At the end of the day, I just want to escape from all the artificial complexity and expense of tax compliance with the US. I find it ironic that HMRC just wrote to me last week, explaining that I would no longer even have to be filing self-assessment any longer, as all my income is either PAYE or with tax deducted at source at my building society, or tax-efficient ISA account!!
Anyone who entered into the OVDI is just a gutless, ball-less moron who gets weak-kneed at the thought
of the IRS. They trusted the program only to find out they were abused to the last cent. They all deserve what they got.
@Beth, I don’t agree. People trusted their accountants and attorneys, believing they knew the ropes and would guide them safely through. Others with less sympathetic tax preparers realized that there was no unringing of the bell once it had been rung, especially as these accountants could have threatened to whistle blow if they wanted to withdraw from proceeding.

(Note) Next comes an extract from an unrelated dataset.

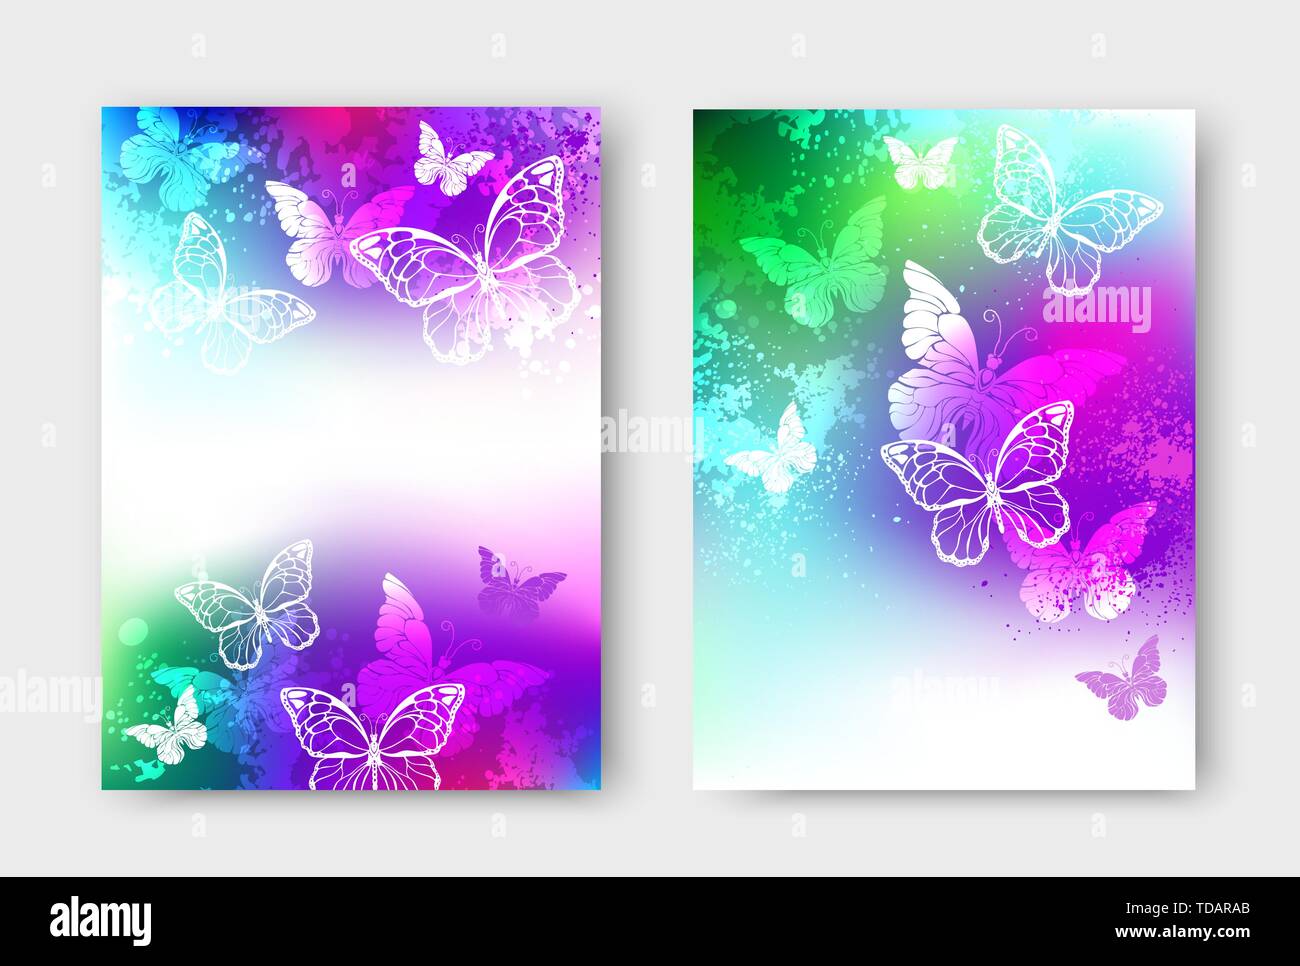 Pour la conception de brochure avec des papillons blancs sur fond irisé, lumineuses, colorées avec de la peinture colorée. Modèle d'illustration vectorielle en format A4. Illustration de Vecteur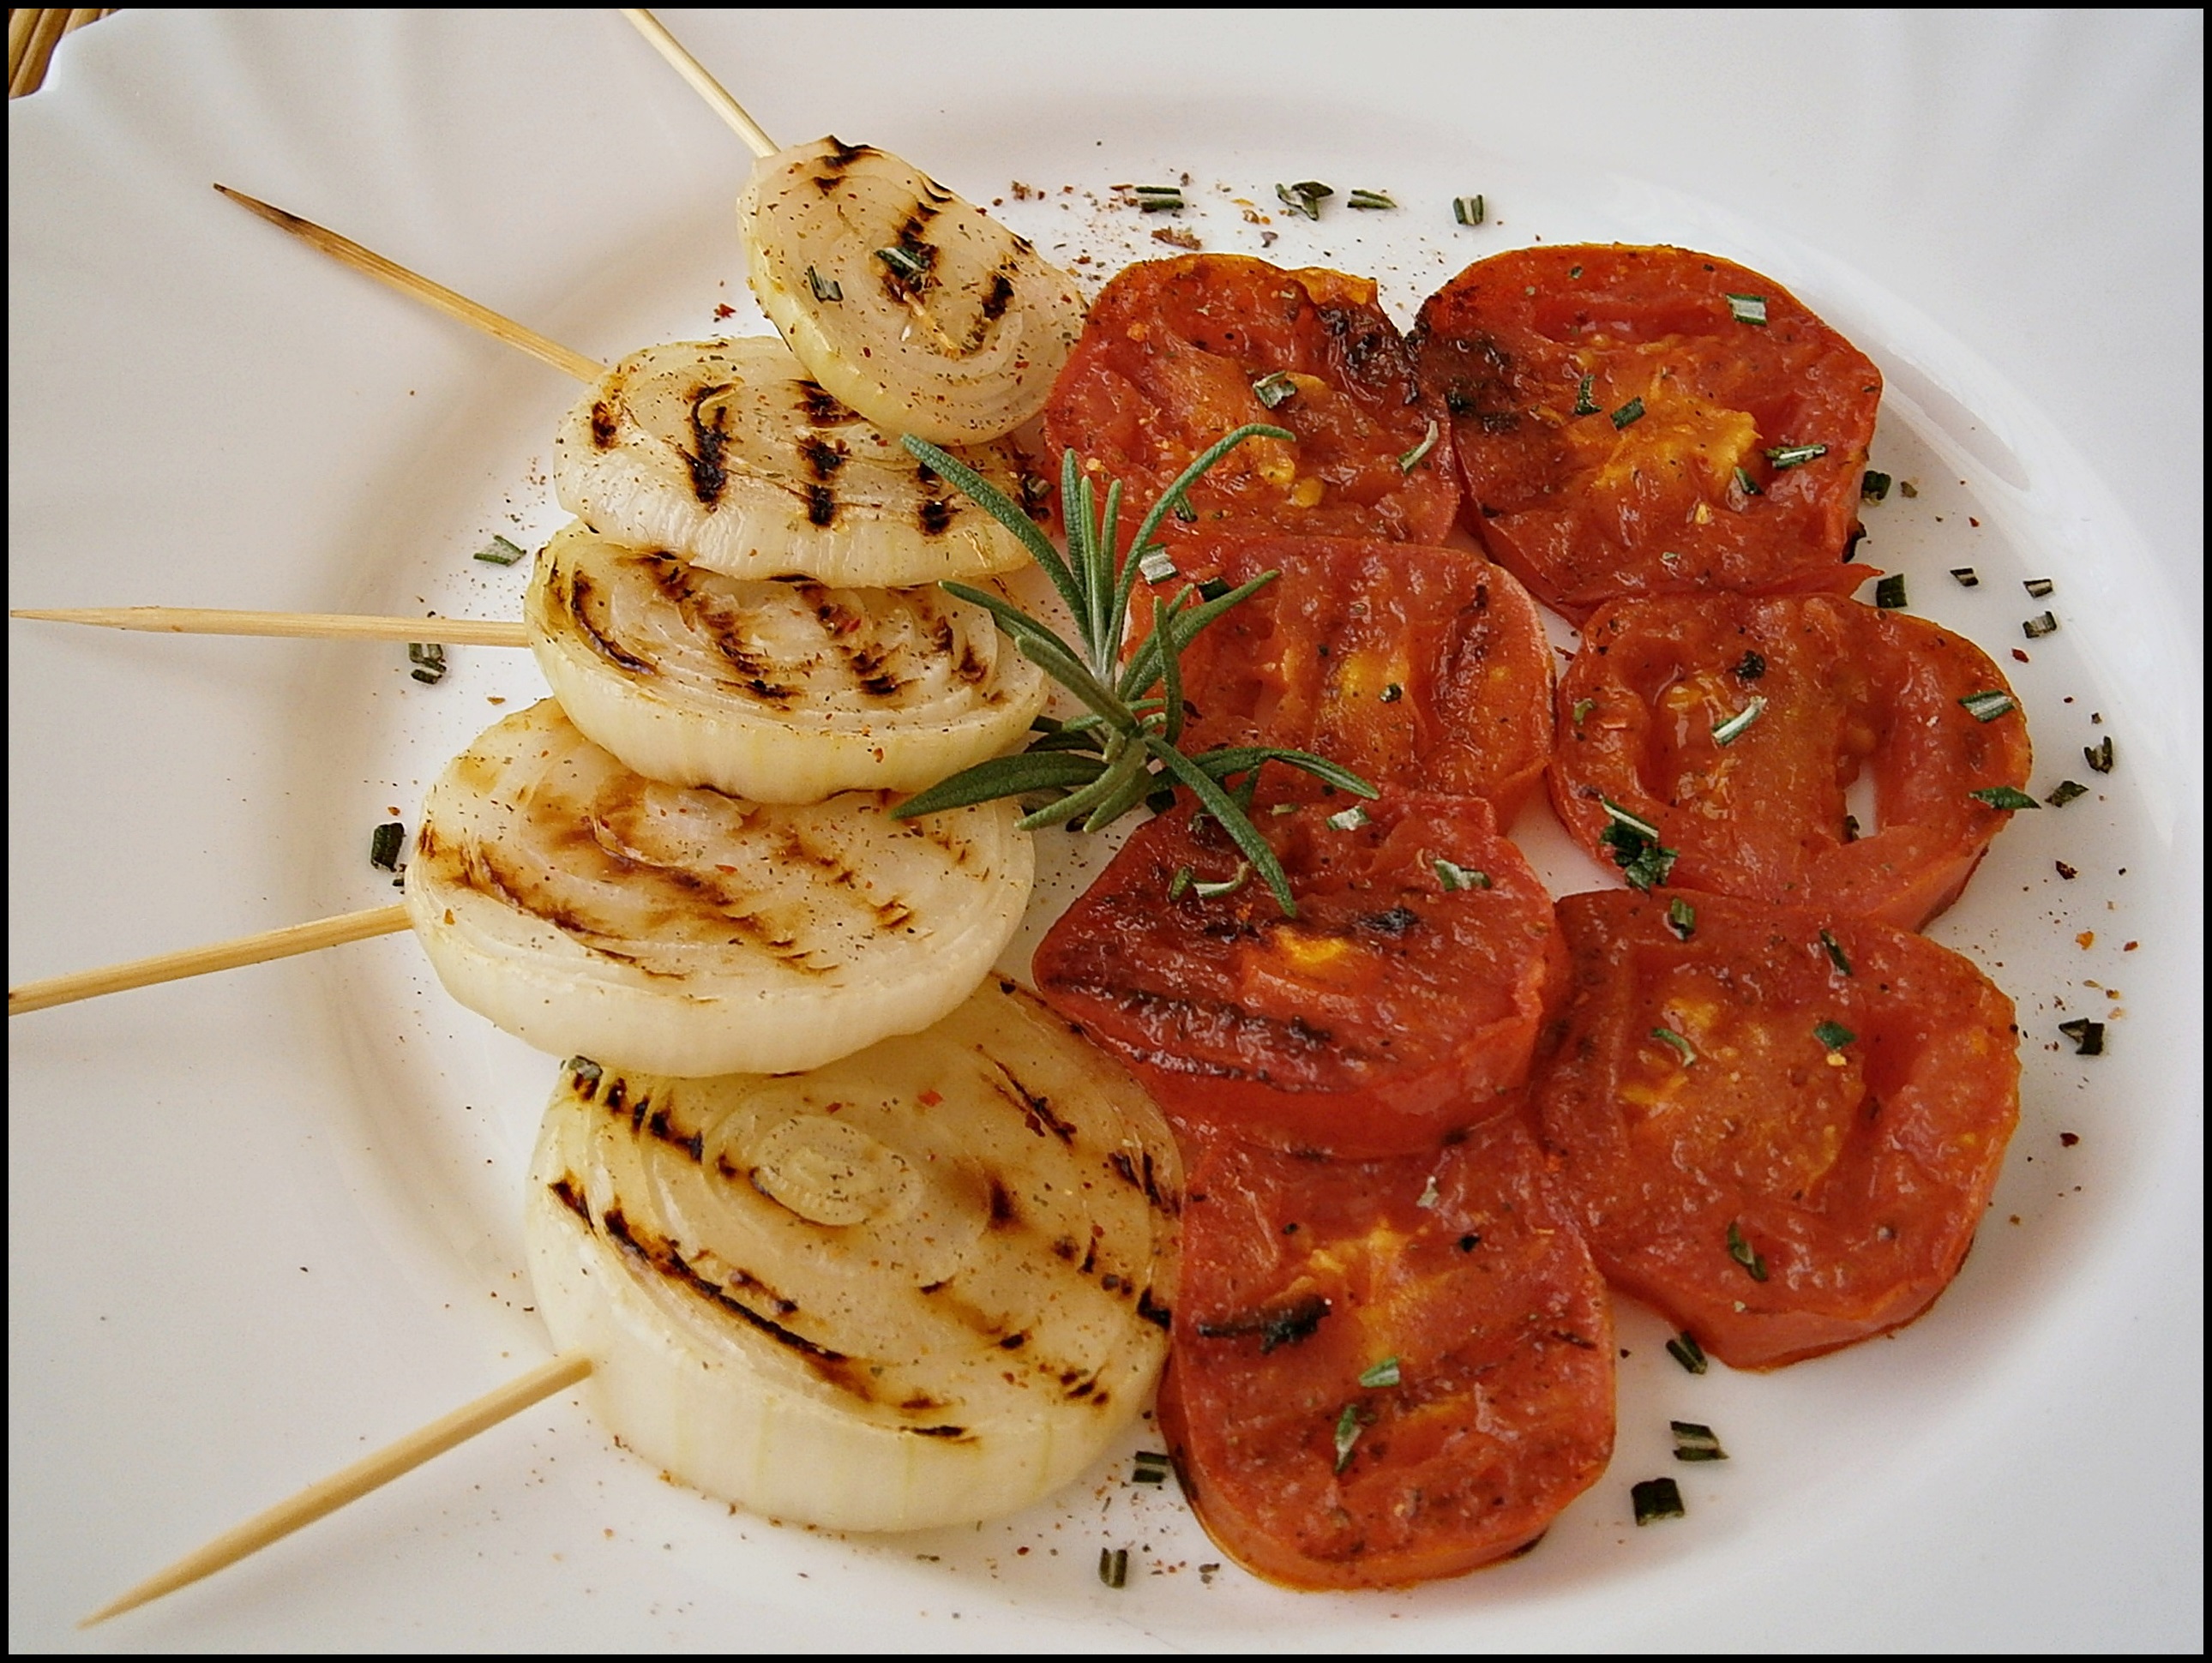 Cibule s rajčaty na grilu, s česnekovo-rozmarýnovým nádechem

The general atmosphere was more ominous back in 2011. Others just went on what the media we’re saying, believing OVDI was the way to get back into the system. They also believed that the IRS would be more reasonable with minnow Expats and make a distinction between them and resident tax evader whales… I think of Bubblebustin who imgenuinely wanted to do the honest thing and is still waiting to hear back from the IRS (after almost three years!!!) and facing a huge capital gains tax on the sale of her primary residence.
@ beth thomas People did not deserve what they got in OVDI. Many people are naturally honest and were trying to do what was right, what they did not understand was that the US does not adhere to the same obligation. These people may have been scared but they thought this was a way to become compliant, obey a law they may have known nothing about. There was an abuse of trust. OVDI was an amnestry program for criminals, not those who had no idea they had filing obligations to the US. Their lawyers and accountants steered them in the wrong direction. The US has truly taken advantage of law abiding people who cannot possibly be expected to keep up with the ever changing citizenship and tax laws in a country they do not live in. FATCA is just another tool to continue the abuse.
beth thomas,
What a harsh and unfair statement you make. People that went into OVDI trusted their advisors and in hindsight that was the problem — they were not criminals and never should have been entered into such programs. Our ignorance does not make us gutless ball-less morons, weak-kneed at the thought (of the threat) of the IRS.
@heartsick
**law abiding people who cannot possibly be expected to keep up with the ever changing citizenship and tax laws in a country they do not live in**
Even immigrants living in the US do not know the rules… why would anyone think… things owned by non-citizens in their home country would be taxed by the US. I know many immigrants including myself who pay taxes if due to the home countries on things that are made in that country… Worse yet for immigrants… many things owned are generational things… hand me down from previous generations that the US now wants a piece of it… Things stolen during a war… family got back… now the US says we owe them for it… why?
Expired and/or current GC holders are now considered fake citizens… all the rights of a citizen without voting rights & representation in gov’t… So basically… we are the group who are screwed the most… both the US gov’t & our home countries… US don’t want to hear from the immigrants… our home countries washed their hands of us. Who do we turn to for help… As I said many times… I should have gone to the US illegally… wouldn’t be in this mess now…
One thing I just cannot understand is why the world has allowed the United States to tax their citizens this way all these years (even before FATCA and FBAR). Why?…
@Trish, the link for the quiet disclosure info ended up being an error. Do you have another?
Sorry Tricia I spelled your name wrong.